続・記者の視点(57)  PDF

続・記者の視点(57)

読売新聞大阪本社編集委員 原 昌平

薬物依存は「治療」が肝心だ

 一昨年の大物歌手に続き、今度はプロ野球の元スター選手が覚醒剤。有名人が違法薬物の容疑で捕まると、一部のマスメディアは、まるで凶悪事件のように大騒ぎして行状を暴き立てる。

 しかし、彼らはべつだん、他人を傷つけたり、金品を奪ったりしたわけではない。

 一部の薬物の所持や使用を犯罪として扱うのは、本人の健康と社会に与える有害な影響を防ぐためだ。つまり、この種の刑事罰は、もっぱら予防を目的にしている。

 確かに刑事罰には、まだ手を出していない人への威嚇効果がある。クスリを使ったら社会的におしまいだ、と脅かされたら、初めての人は手を出すのをためらうだろう。

 だが、すでに薬物にハマっている人にはどうか。

 自己コントロールが失われ、本人の意思だけでやめられないのが依存症という病気。きつく説教され、本気で反省しても治らない。病気を根性で治すのは無理なのだ。

 日本の薬物対策は長い間、取り締まり・処罰に偏っていた。身柄を拘束して懲らしめたら、やめるだろうという仮説に立った政策、本人の意思に期待する政策だった。

 ところが、初犯で執行猶予になり、また使ってしまうケースが少なくない。今度は実刑になっても、刑務所を出たら繰り返す。そういう病気なのだから、刑罰の威嚇による再犯防止には限界がある。

 かつて、〈覚せい剤やめますか、それとも人間やめますか〉というキャンペーンがあった。モンスター扱いして脅かすだけで、支援のかけらもない最悪の内容だった。

 必要なのは治療であり、やめ続けること(回復)への技術面を含めた支援だ。

 けれども、薬物依存の診療にあたる医療機関は少ない。

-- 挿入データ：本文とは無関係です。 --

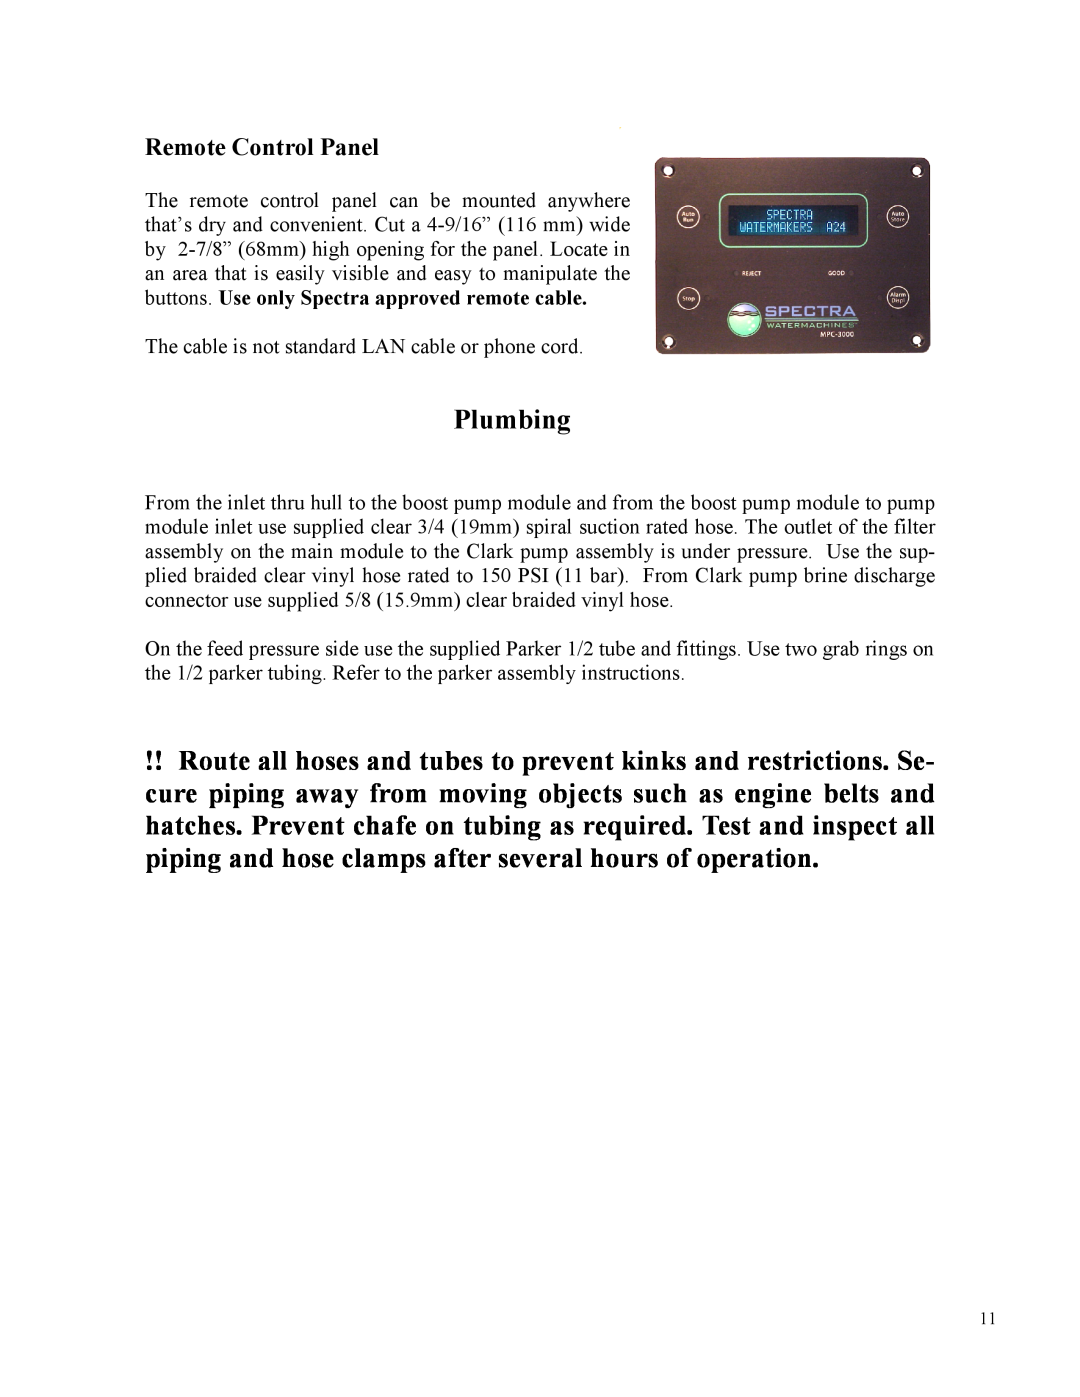 Spectra Watermakers Newport 400 owner manual Plumbing, Remote Control Panel

回復支援を主に担ってきたのはダルク、マック、NAといった民間リハビリ施設・自助グループである。

 近年は刑務所、少年院、保護観察所などで、ダルクの協力を得たプログラムが行われるようになった。ただし施設内で薬物が切れている間に本人がもう大丈夫と思っても、シャバに出たら誘惑に負けることが少なくない。

 重要な課題は、地域生活を営みながら受けられる回復支援である。まだ捕まっていない人は、逮捕されて仕事や生活基盤を失わないうちに断ち切るほうがよい。処方薬をはじめ、違法ではない薬物に依存する人も増えている。

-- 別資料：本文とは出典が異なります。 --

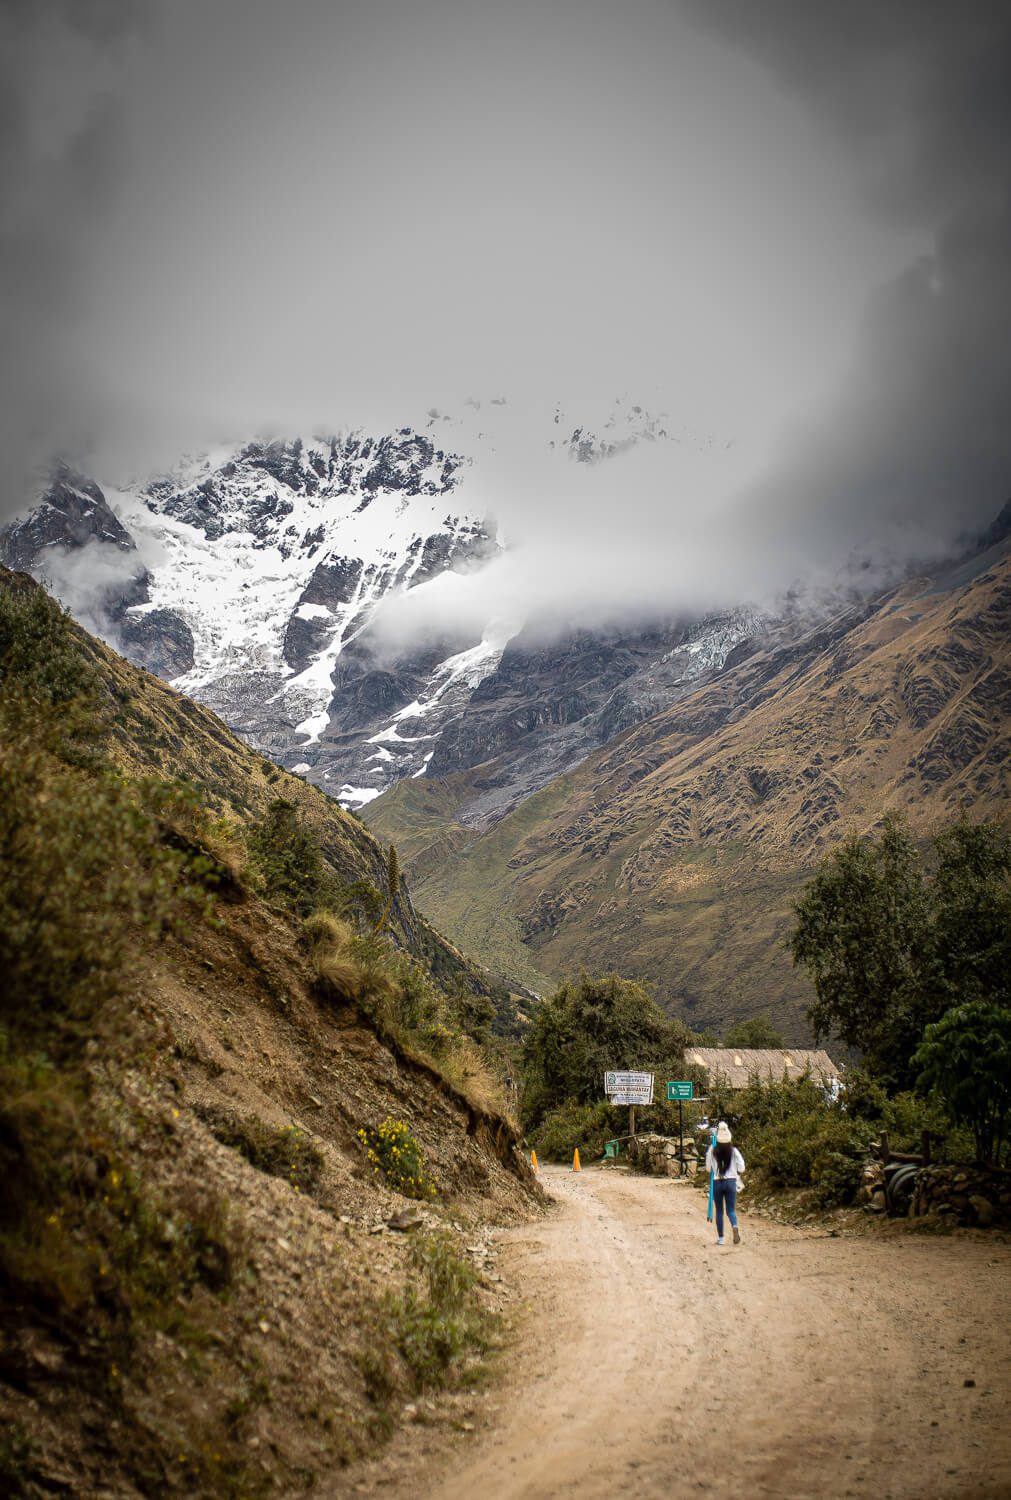 On the Salkantay Trek to Machu Picchu

 そこで、通いたくなる工夫をした「スマープ」など、通院向けのプログラムが一部の公立病院や精神保健福祉センターで導入されつつある。

 刑罰中心から、治療を中心にした薬物対策へ。多くの国々はすでに転換している。これは人権の問題というより、どういう方法が役に立つかという有効性の問題である。

 依存に陥る人の多くは何らかのつらさを抱えており、快感への欲求より、苦痛を紛らわせるために依存するという見方もある。社会で居場所を失うと、よけいにクスリを使いたくなるという。回復すれば希望を持てるよう、社会の対応も変えないといけない。